Стук в дверь я пропустил мимо ушей. Когда дверь открылась, я не
был во всеоружии. С ногами без ботинок на столе, с трубкой в зубах
и с патологическим интересом в глазах,— таким я предстал перед
долговязым, словно погнутым в лопатках молодым человеком, молча
разглядывавшим меня некоторое время.

— Здравствуйте! — наконец произнес он. Что-то в его голосе успокоило
меня настолько быстро, что я даже не вздрогнул. Тем не менее,
я позволил себе разыграть небольшой спектакль: вздернув в притворном
ужасе брови, я резко поднял голову и выронил давно потухшую трубку
изо рта. Это было хорошим поводом спрятаться под столом, где я
надел ботинки, зашнуровав их, отыскал трубку и еще немного посидел
так, нагоняя таинственности. Паренек за это время устроился на
стуле и обводил наверняка скучающим взором кабинет. Я рассмотрел
его кеды — чистенькие, новенькие, не из тех, что лежат на рынках.

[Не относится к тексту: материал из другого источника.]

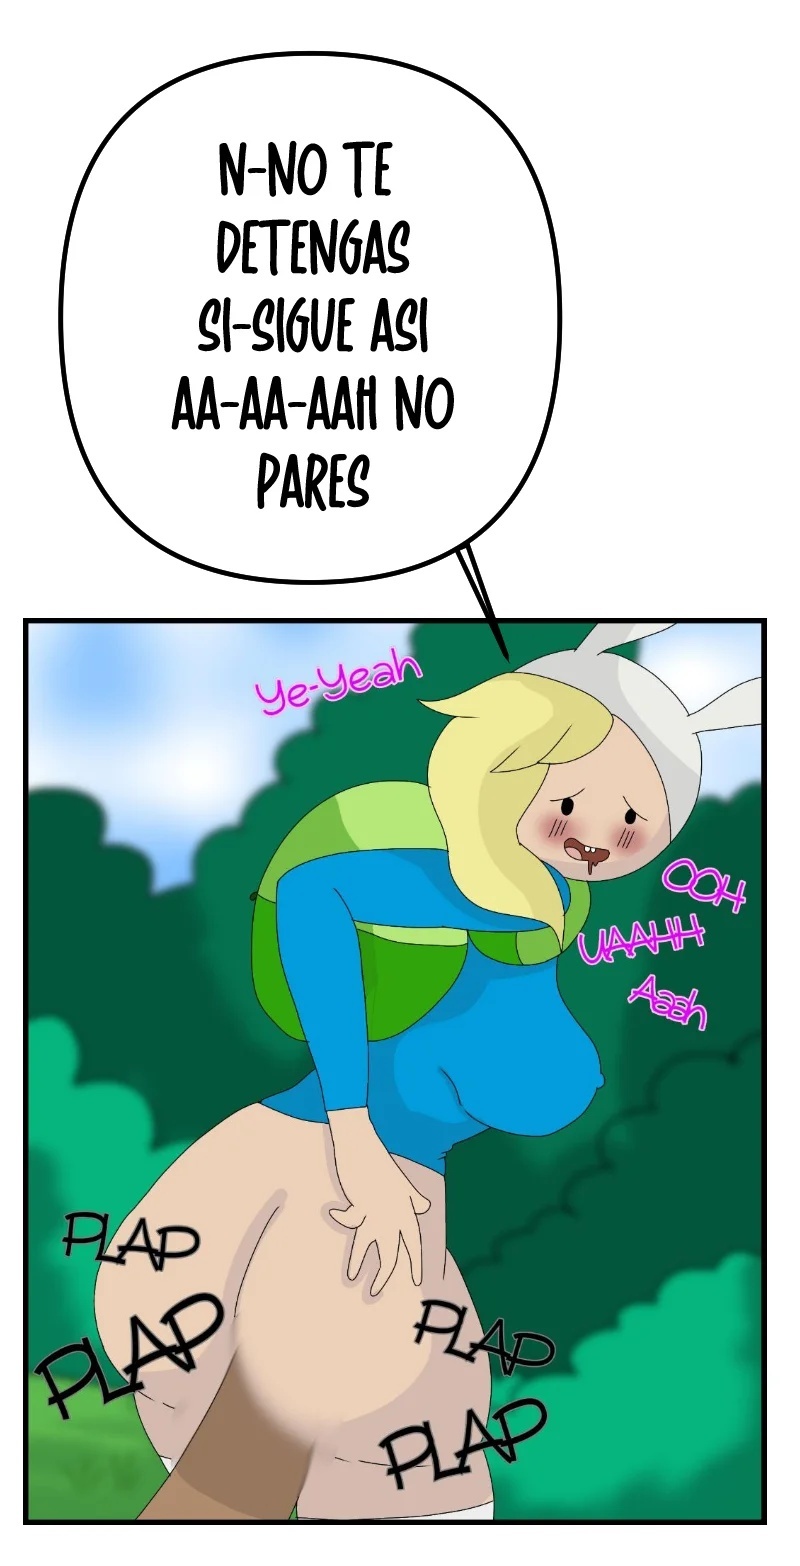 Fionna and Cake Adult time 1 - 27

— Здравствуйте! — появился я. Парень вежливо кивнул мне головой,
изобразив улыбку.— С чем пожаловали?

— Я принес вам целую плеяду проблем,— слово «плеяда» гость выделил
особо. Сказав это, он набросил свои длинные, пепельно-русые волосы
на лоб и виски, придав себе несколько байроновский вид. Тени вокруг
глаз художественно подчеркивали его игровой трагизм.

— Сперва давайте условимся об именах,— заметил я поспешно.

— Ярослав.— Чуть помолчав, видимо, ожидая, что и я представлюсь,
Ярослав продолжил:

— Дело в том, что проблема не только у меня. Скажем, Пашке кажется,
что он больше не заинтересован в девочках. А Илья... Илья хочет
убивать.

— Тэкс...— жгучий приступ энтузиазма я подавил с помощью ерзанья.
Если так пойдет дальше, придется встать и задумчиво расхаживать
по кабинету.— А твоя проблема в чем?

— Мне не очень-то хочется жить,— сказал Ярослав.

Я встал, как мне показалось, слишком поспешно и подготовлено.
Затем, напустив на себя спокойствия, я подошел к окну. За окном
порыв ветра терзал голые ветки отвратительных влажных кленов.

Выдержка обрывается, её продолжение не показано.